In this study, the curing behavior of the PU system was characterized using thermal and rheological measurements conducted by DSC and a rheometer. The apparent E_a determined using the isoconversional method was 46.12 kJ/mol. A KS curing kinetics model was established to describe the curing evolution. In addition, the gelation point was identified based on combined DSC and rheological measurements, corresponding to a DoC of approximately 0.53.

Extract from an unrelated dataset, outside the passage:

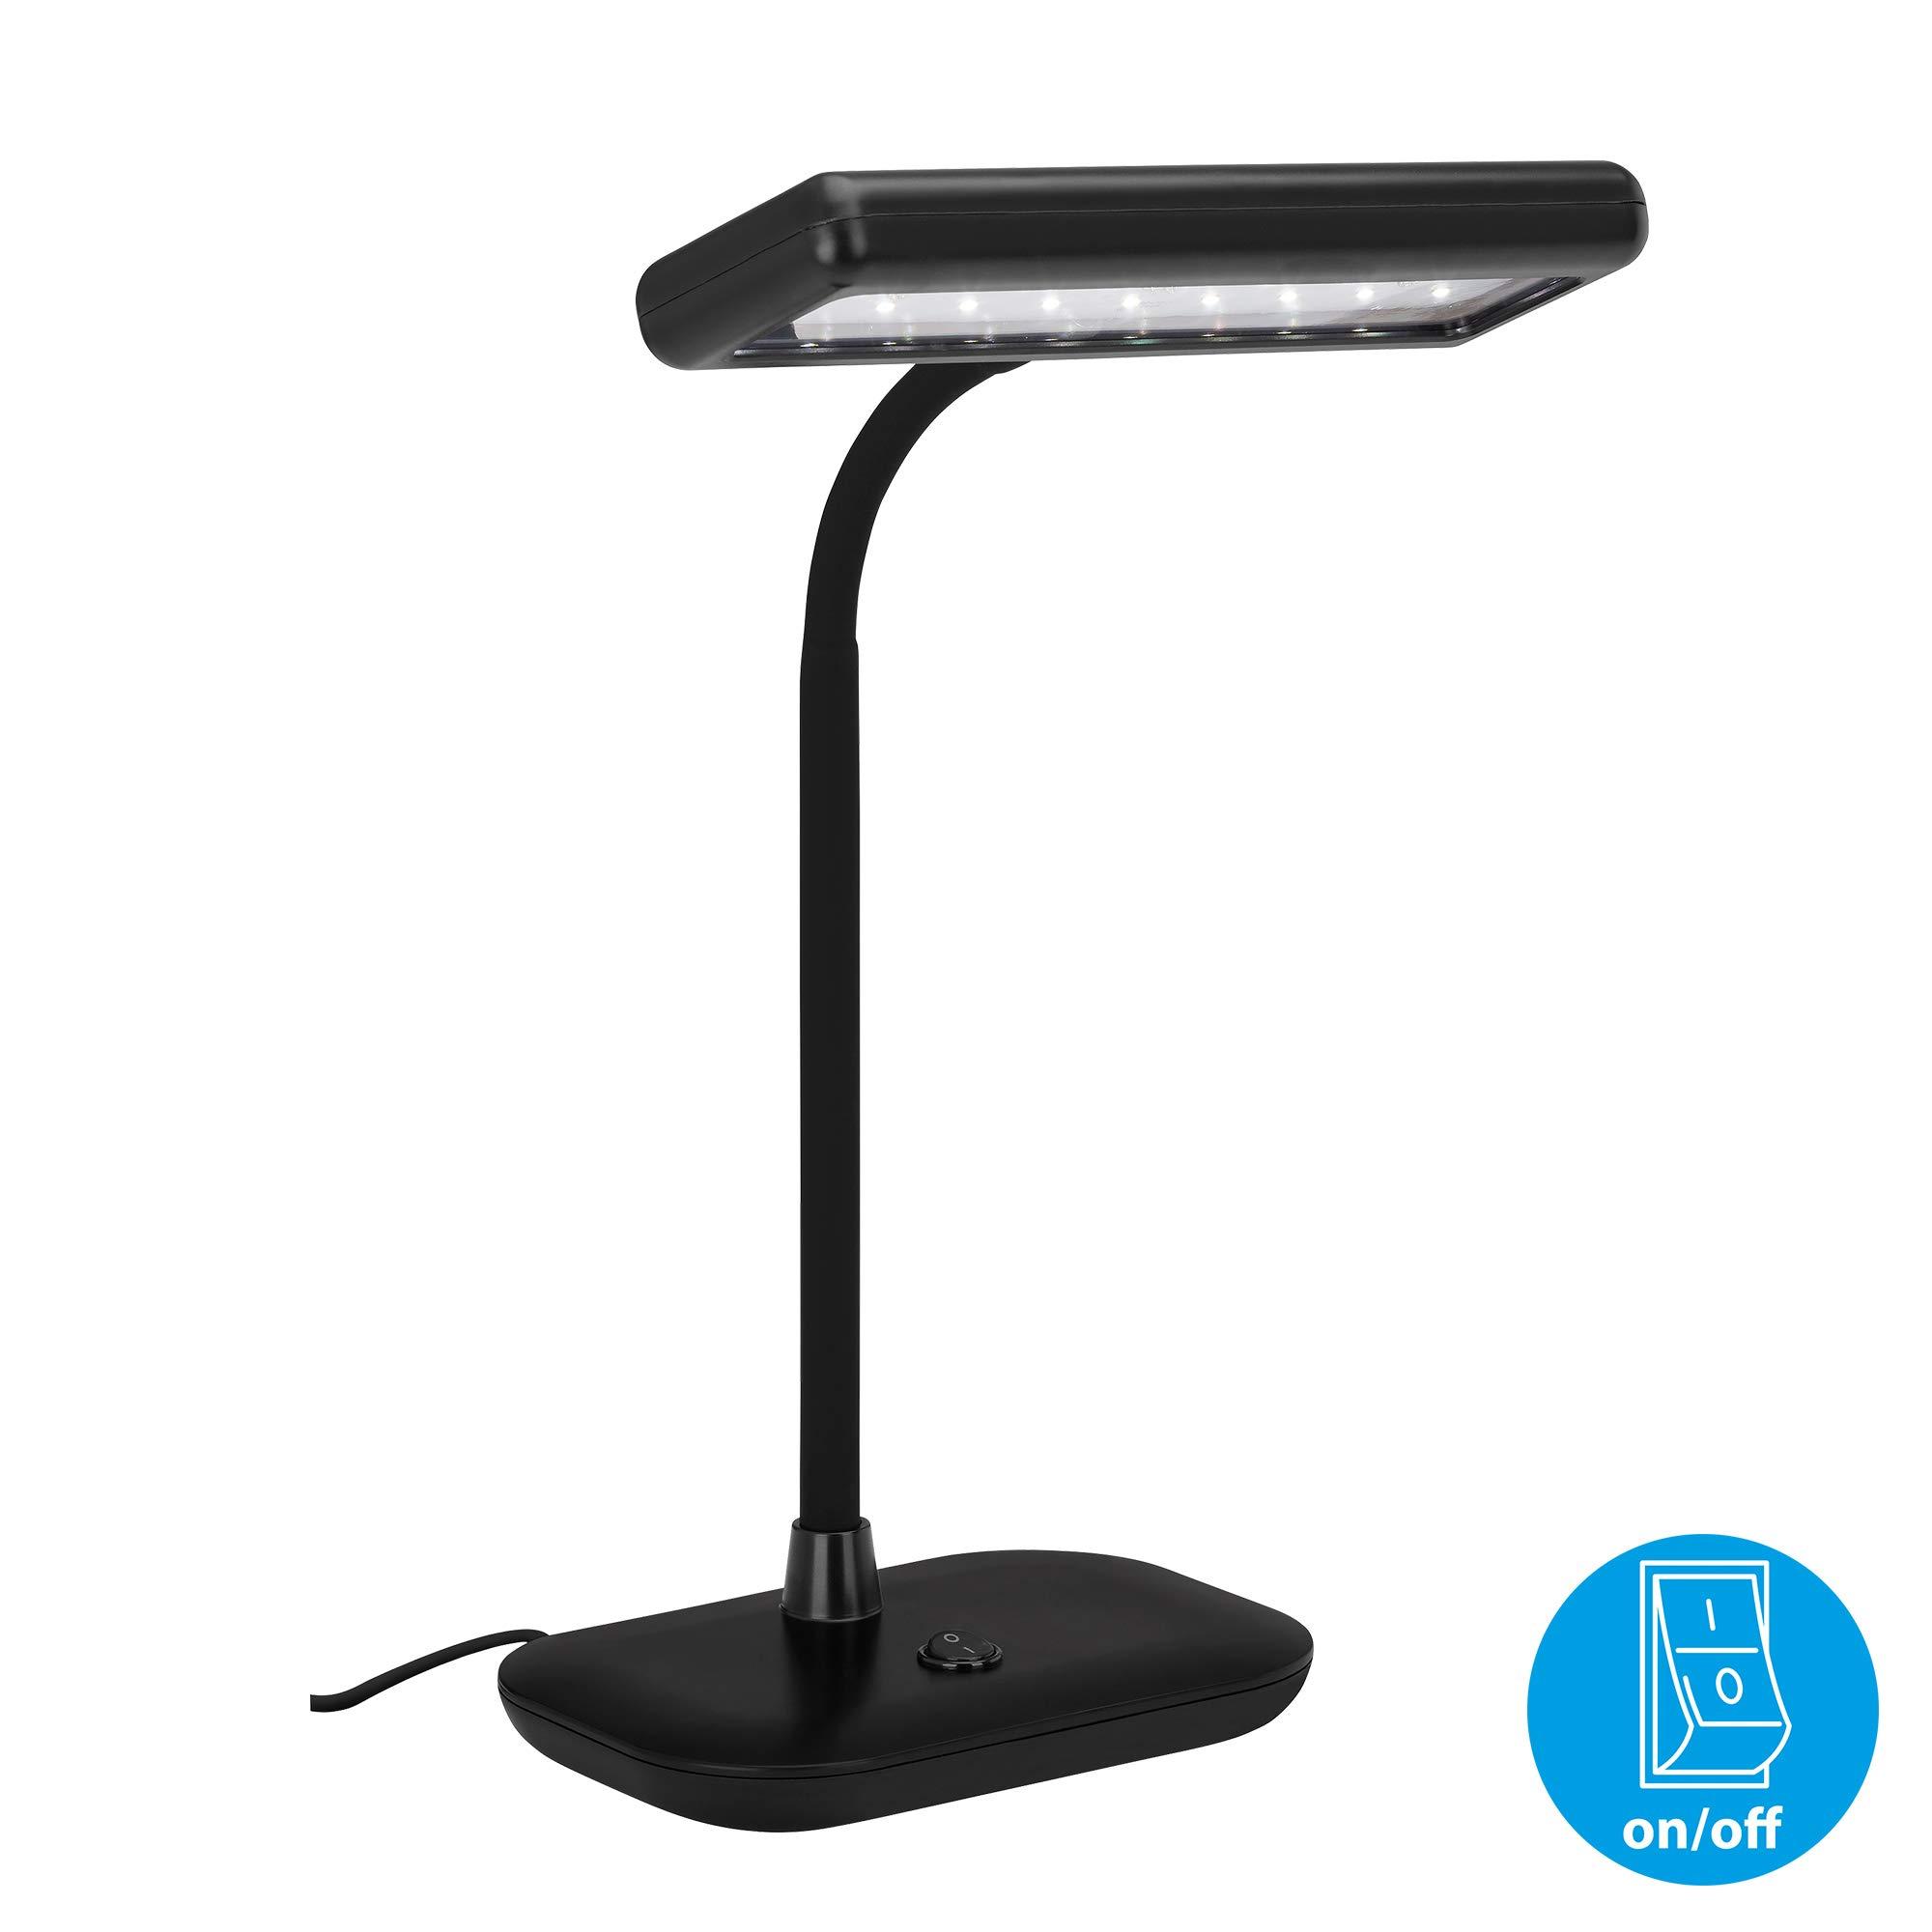 Briloner Leuchten LED 台灯,日光灯 6000 开尔文,800 流明,7.5 瓦,包含倾斜开关,灯颈可旋转和旋转,黑色,440 x 230 x 120 毫米(高x长x宽),7.5 W
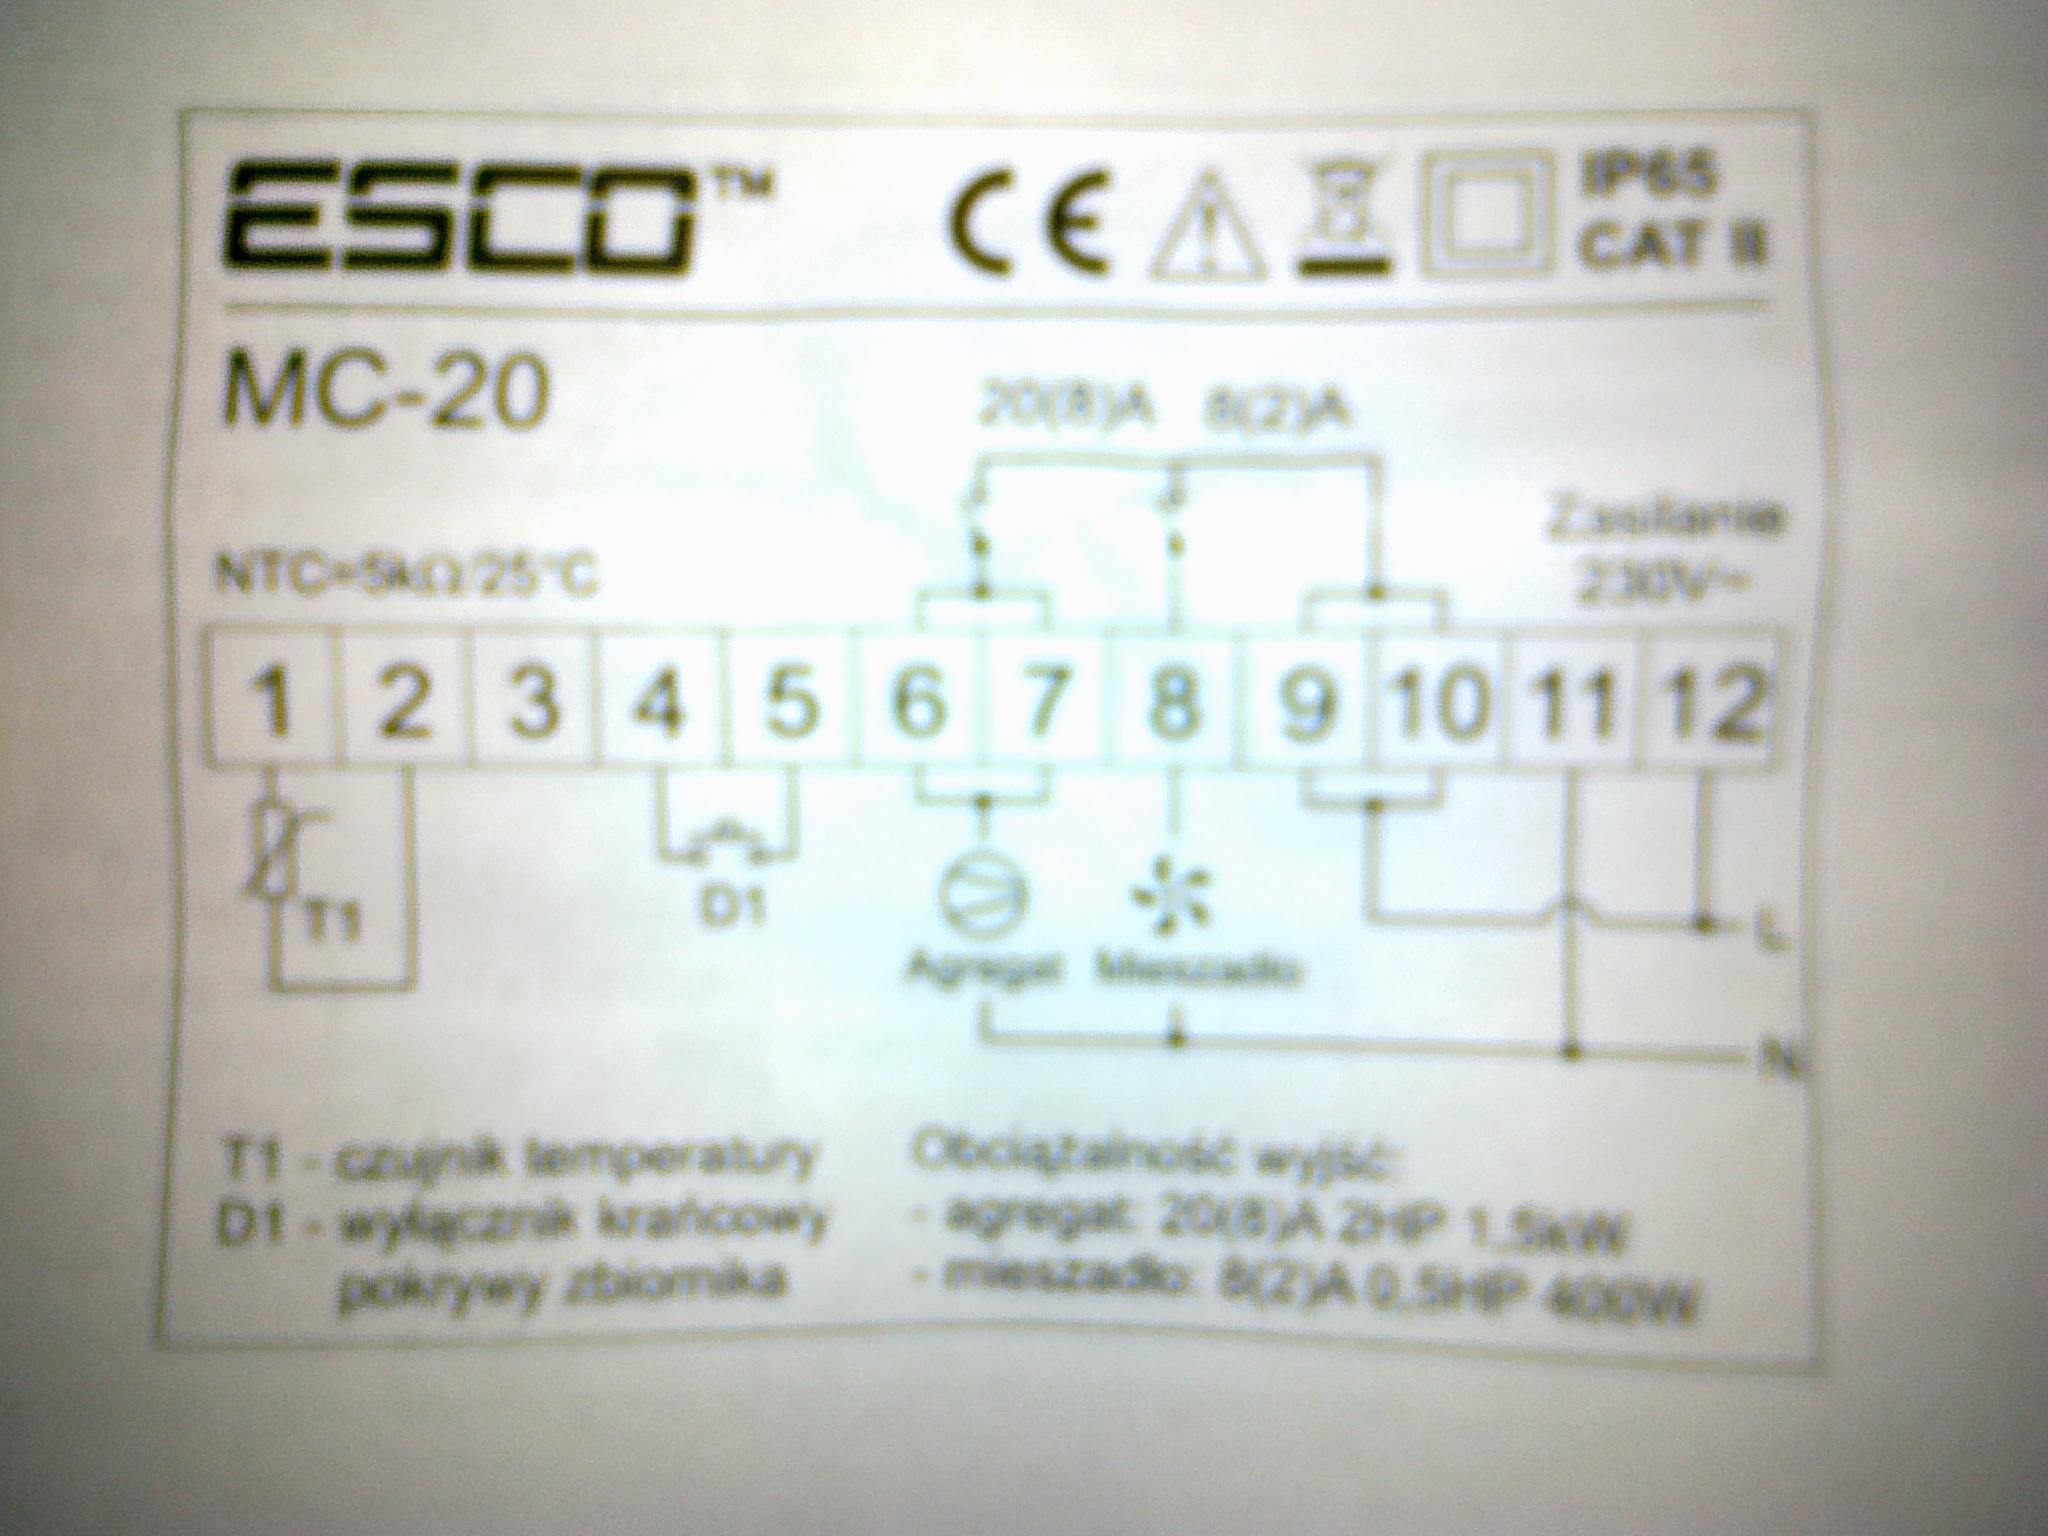 ESCO MC-20 - obja�nienie schematu

Due to the rapid curing behavior of the PU system, the T_g was determined using a combination of experimental measurements and MD simulations. At the molecular scale, MD simulations were performed using LAMMPS, from which the corresponding T_g values were extracted at different DoC. GPR was employed as a bridging framework to integrate experimental DSC data and MD results, with crossvalidation used to ensure predictive robustness. A topological crosslinking approach was implemented in LAMMPS under different temperature conditions, from which a global DiBenedetto parameter of λ = 0.28 was determined. GPR enabled reliable forecasting the trend of T_g – α combined MD and experimental results with CI regions indicate DoC ranges dominated by MD data and limited experimental constraints. Furthermore, GP residuals effectively capture systematic, physics-driven biases in the T_g relationship, biases that cannot be fully described by the DiBenedetto model alone. In the T_g – α relationship, systematic, physics-driven biases exist that cannot be fully described by the DiBenedetto model alone.